The next step is to check the plants to see if the carboxysomes are there with the enzyme Rubisco inside them. While Ben’s team had tobacco plants sitting in the growth cabinet ready to be tested, there was every reason to expect failure.
“We knew that the proteins and genes were there, but the idea that structural carboxysomes could be built with just four proteins, and the high risk of this project from the beginning, meant that we didn’t rush to see if we’d succeeded. In fact, our plants sat in the cabinet for a month or two before we tooled-up and decided it was time to see what they had produced”.
Ben applied a technique for purifying carboxysomes from cyanobacteria to test the team’s successfully transformed tobacco plants.
Excitingly, this yielded a creamy band of pure protein, evidence that not only the carboxysomes were inside the tobacco plant chloroplasts but also the cyanobacterial Rubisco was inside them along with the proteins that they were expecting to be present.
The final piece of evidence needed was to actually see the structures inside the cell using an electron microscope.
“In our team, Wil does all the electron microscopy. I remember him sending me photos of the screen as he was looking at the electron microscope. To see these small structures, just like those you’d find in cyanobacterial cells, but inside plant chloroplasts, was unbelievable. When we realized we had done it we were absolutely thrilled.”

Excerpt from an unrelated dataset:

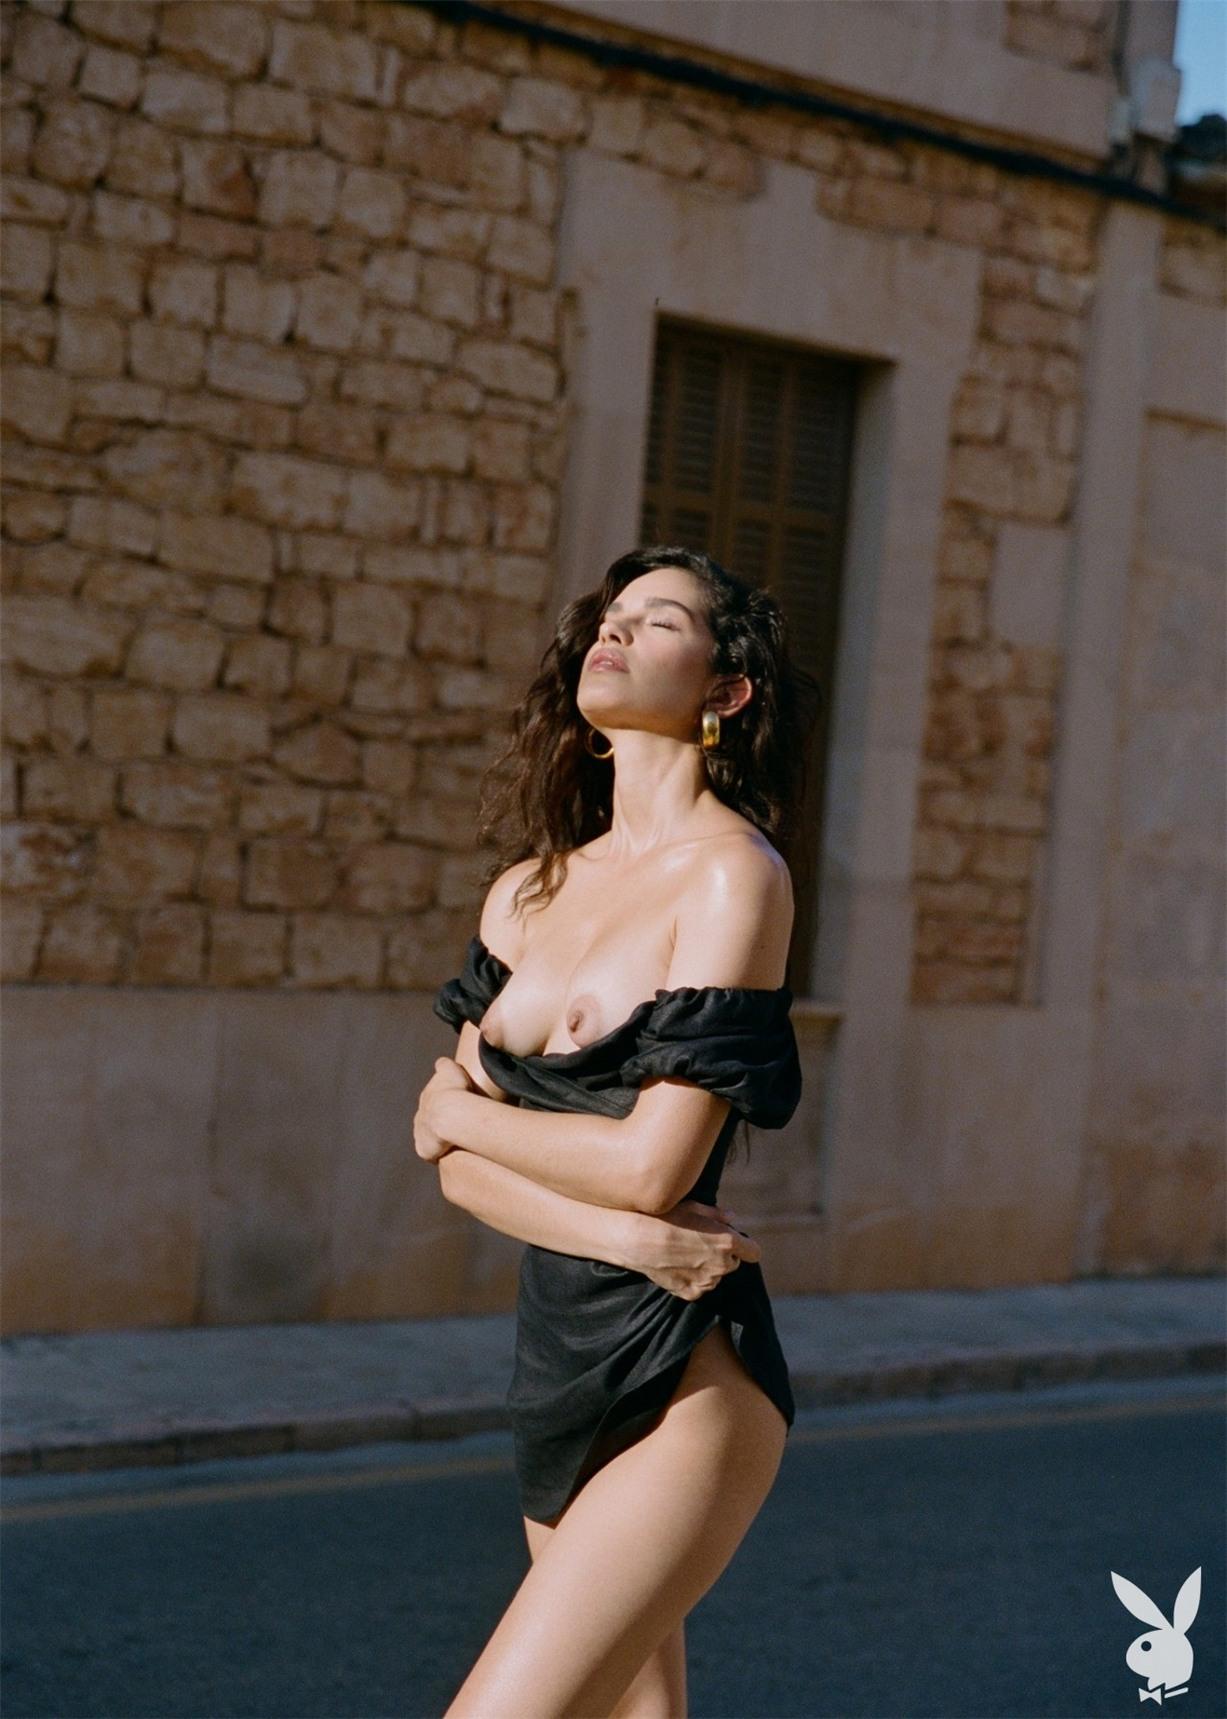 Путешествие по Европе сексуальной Хильды Диас Пиментель - Девушки месяца американского Плейбой, октябрь 2019 / фото 34

“Now that we have the genetic construct that will be the base for our bionic engine, we need other 5 or 6 genes to make sure they work correctly. Our next step is to get the functionality right”.
“We are currently trying to produce the same thing in the bacterium E. coli, because the downside of using tobacco plants is that it takes them year or two to produce seeds and three months to get those plants to mature and extract the carboxysomes. In contrast, we can do the same thing in E coli and literally grow them overnight. This cuts experimental time to a couple of days instead of months.”
Read Ben’s latest publication in Nature Communications here
Cycling, taking risks and planned serendipity
When Ben is not at the lab bench, he is cycling around the Canberra landscape.
“I am a keen cyclist and Canberra is the perfect place to move on two wheels. Like the goal of my research, cycling is a highly efficient way to reach your destination and a great alternative to the costly and energy-demanding car. Also, in science, like in cycling, you begin your ride expecting to go from point A to B, but quite often you finish in point C instead, which is often more fun, interesting and gives you a perspective on the landscape you may not have otherwise noticed”.
“Getting to this point in our research has been a long process but now finally we know that it can work, and that we are going in the right direction. We took risks but we got it right. We used evidence and built our decisions on how to build the carboxysome on the solid foundations provided by other scientists in our field. We had logical reasons for choosing the genes we did, based on a really interesting work by a couple of research groups in the US. So, we had some ideas of which proteins should form a minimum carboxysome structure, but we weren’t entirely sure it would work. I call this process planned serendipity.
“We began this project with a specific goal and an idea of how to go about achieving it.
“However, just like riding a bike, we were confronted by some obstacles and had to consider detours.”
Ben says that one of the things he has learned during his experience as a researcher is that there is a fine line between doings things the way you first envisioned, and taking risky diversions.
“Luckily, I have had the freedom to break the rules a little and to take these risks. I try to do the same within my research team. I encourage students to break their own rules occasionally and take the road less travelled. The road may not take you where you expected, but you’ll always see something new.”